In other words, today's models while overly complicated (with equations requiring market clearing) are actually not complicated enough and in my view over reliant on stories based on impulse responses rather than looking at actual causal mechanisms inside the model.
One possibility is to examine the financial crisis from the perspective of microeconomic concepts and do without complicated DSGE models that can deliver almost any result the model builder wants to deliver. Barry Eichengreen:
The late twentieth century was the heyday of deductive economics. Talented and facile theorists set the intellectual agenda. Their very facility enabled them to build models with virtually any implication, which meant that policy makers could pick and choose at their convenience. Theory turned out to be too malleable, in other words, to provide reliable guidance for policy.
His article also seems to make the point that given all the micro structure inherent in the financial markets the financial crisis should have been foreseen. (I think most economists agree that that a financial crisis was coming but they seemed to be more focused on the current account imbalance and the dollar rather than in the domestic sector.)

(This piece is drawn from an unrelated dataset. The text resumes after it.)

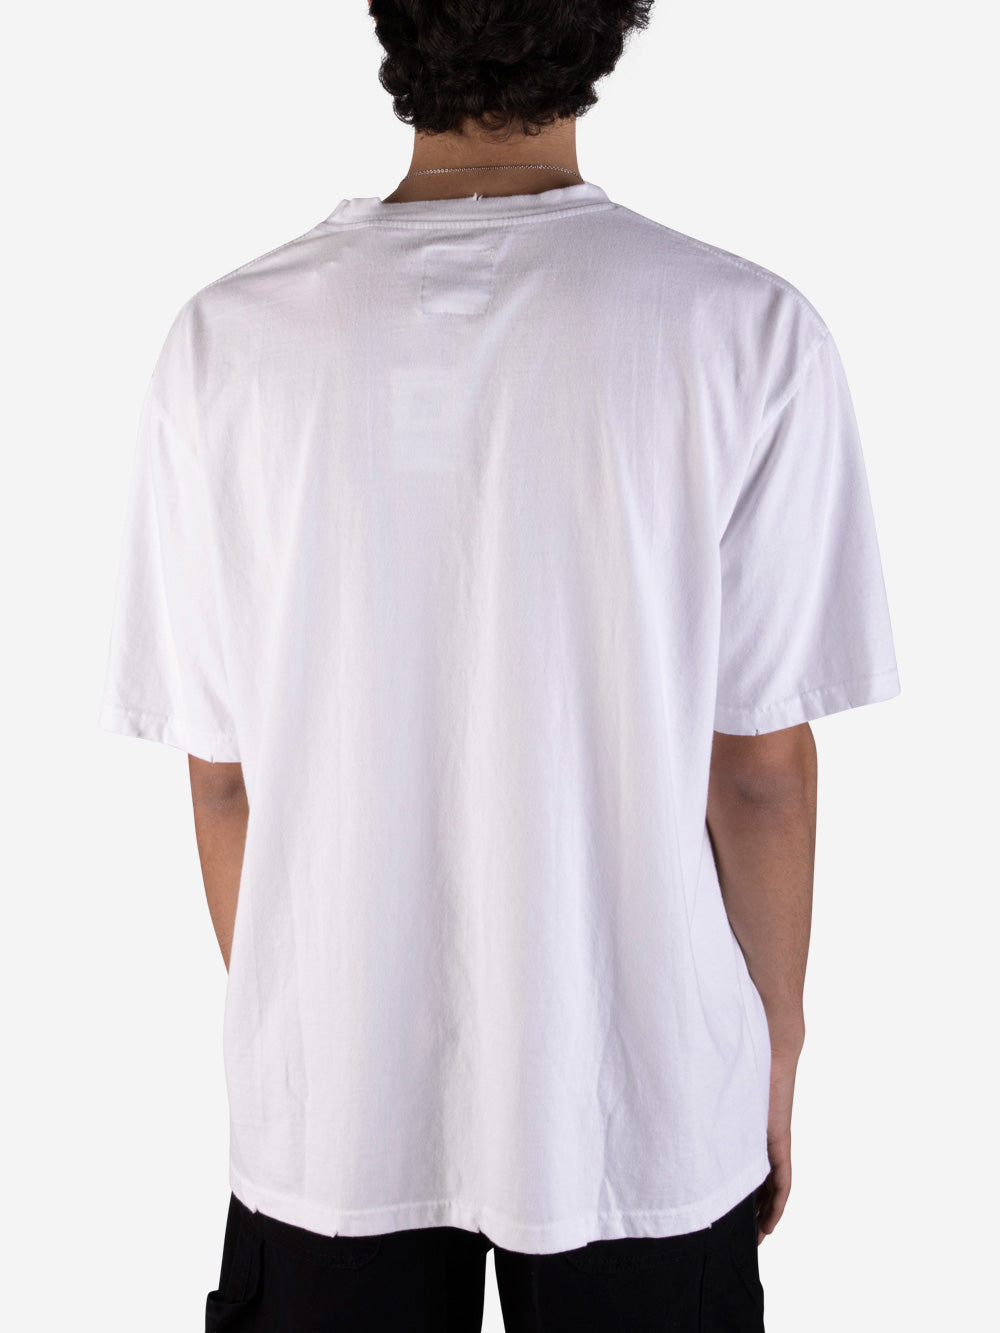 SOMEIT S.V. Vintage T-shirt bianca Bianco Urbanstaroma

What got us into this mess, in other words, were not the limits of scholarly imagination. It was not the failure or inability of economists to model conflicts of interest, incentives to take excessive risk and information problems that can give rise to bubbles, panics and crises. It was not that economists failed to recognize the role of social and psychological factors in decision making or that they lacked the tools needed to draw out the implications. In fact, these observations and others had been imaginatively elaborated by contributors to the literatures on agency theory, information economics and behavioral finance. Rather, the problem was a partial and blinkered reading of that literature. The consumers of economic theory, not surprisingly, tended to pick and choose those elements of that rich literature that best supported their self-serving actions. Equally reprehensibly, the producers of that theory, benefiting in ways both pecuniary and psychic, showed disturbingly little tendency to object. It is in this light that we must understand how it was that the vast majority of the economics profession remained so blissfully silent and indeed unaware of the risk of financial disaster.